The money has done little to ease the credit crunch and has given no help to those facing foreclosure. Instead, it has been used to fatten the accounts of the very banks that got us into this mess. In the face of such devastating criticism of the Treasury Department by a panel set up by Congress to monitor the spending, our representatives went right ahead and allocated another $350 billion.
The executive summary of the Congressional Oversight Panel (COP) report follows. For the full report, click here.
In its first report to Congress on December 10, 2008, the Congressional Oversight Panel (COP or the Panel) posed ten basic questions – in effect asking for an explanation of the U.S. Department of Treasury’s goals and methods for the Troubled Asset Relief Program (TARP). The Panel’s questions, in turn, included a number of subsidiary questions, which sought additional details from the Treasury. In total, the Panel sought responses to 45 separate questions about the execution of the authority granted to Treasury under the Emergency Economic Stabilization Act (EESA) and the $350 billion in taxpayer funds that has been “effectively allocated” under that program. On December 30, 2008, Treasury responded to the Panel with a 13-page letter. While the letter provided responses to some of the Panel’s questions and shed light on Treasury’s decision-making process, it did not provide complete answers to several of the questions and failed to address a number of the questions at all.

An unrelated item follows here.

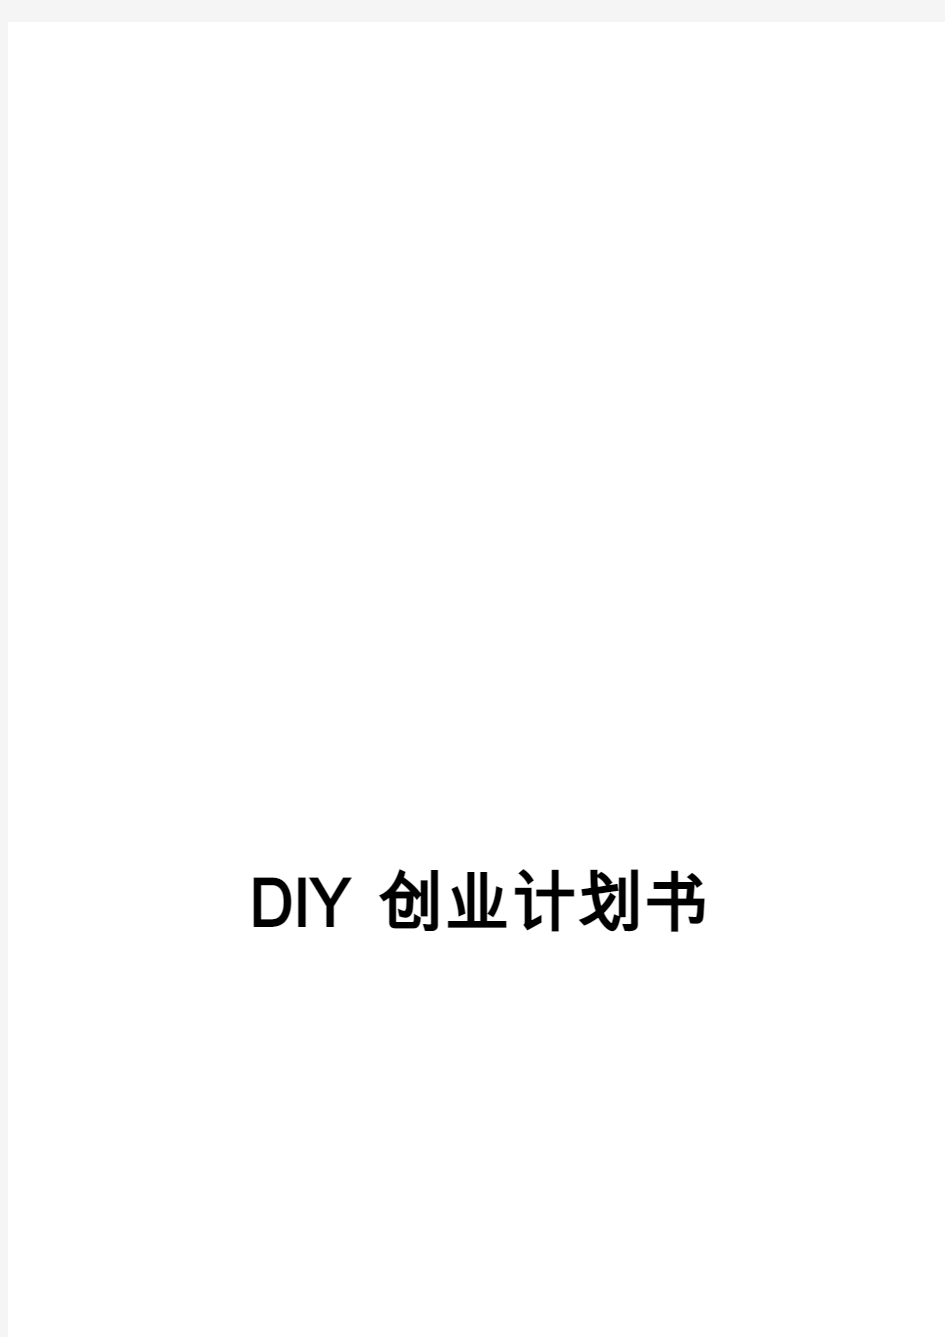 DIY创业计划书(样本)
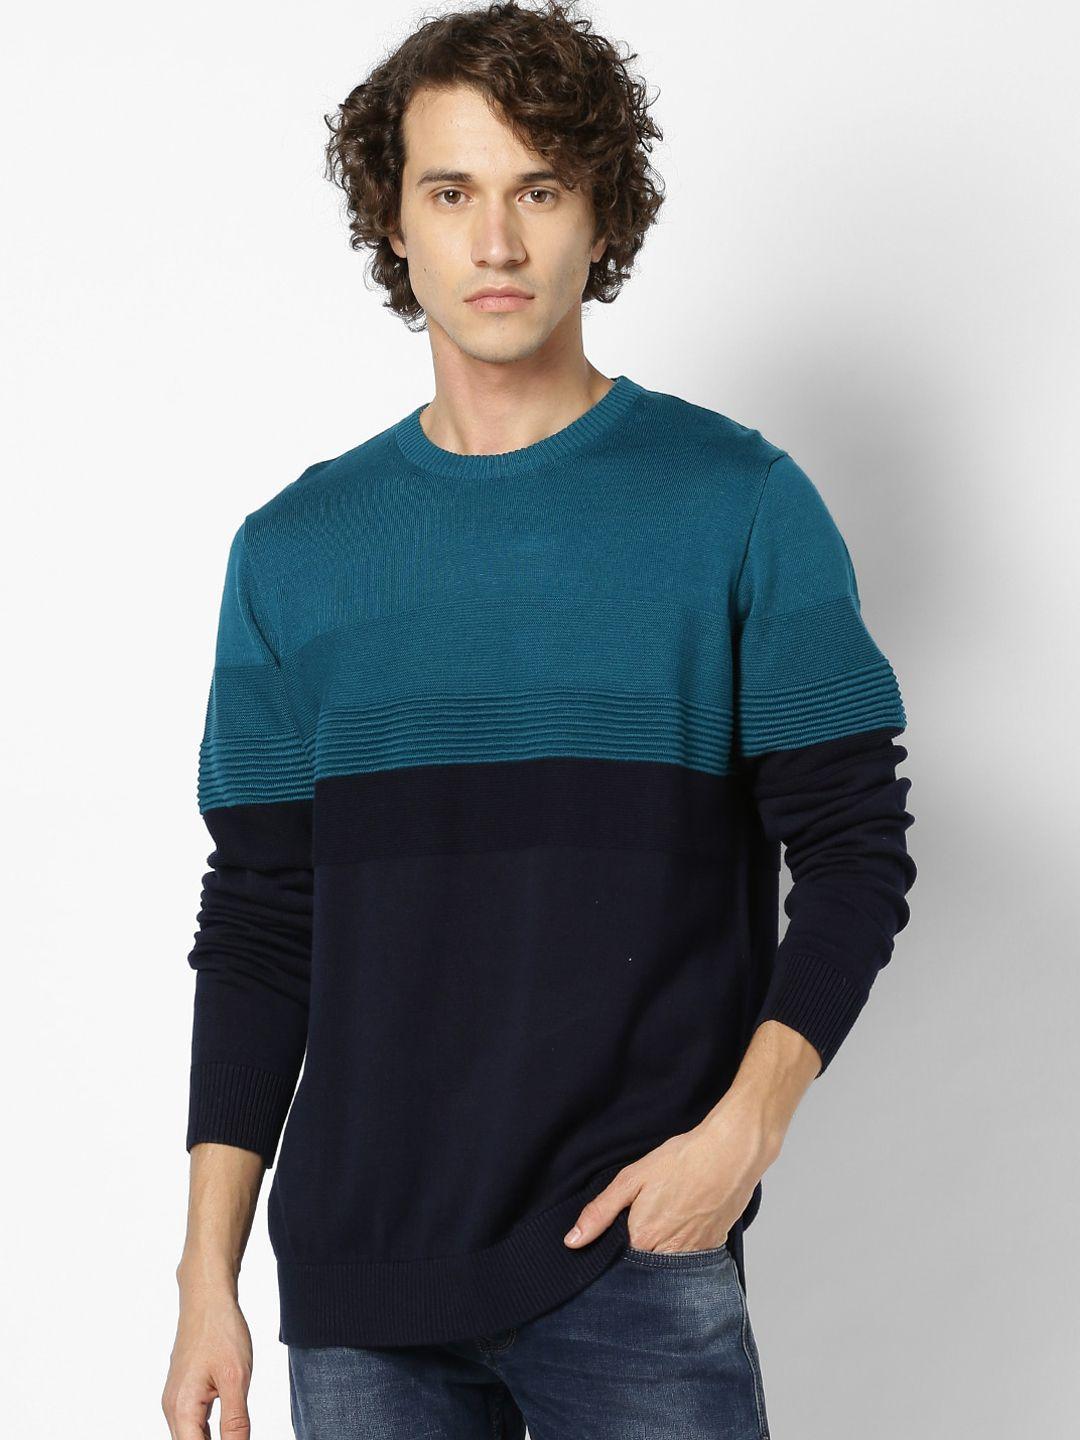 celio men teal blue & navy blue colourblocked pullover sweater

To gain a more complete understanding of what Treasury is doing and why, the Panel asks Treasury to provide additional information clarifying its earlier responses.
Square, Site wide
In order to exercise its legally-mandated oversight functions, the Panel has initiated a number of fact-finding efforts and independent investigations that will be the subject of future reports. But the Panel’s independent work does not eliminate the need for Treasury to respond to the Panel’s questions. Some of these questions can be answered only by Treasury (e.g., Treasury’s strategic plans) and others seek to clarify what appear to be significant gaps in Treasury’s monitoring of the use of taxpayer money (e.g., asking financial institutions to account for what they have done with taxpayer funds).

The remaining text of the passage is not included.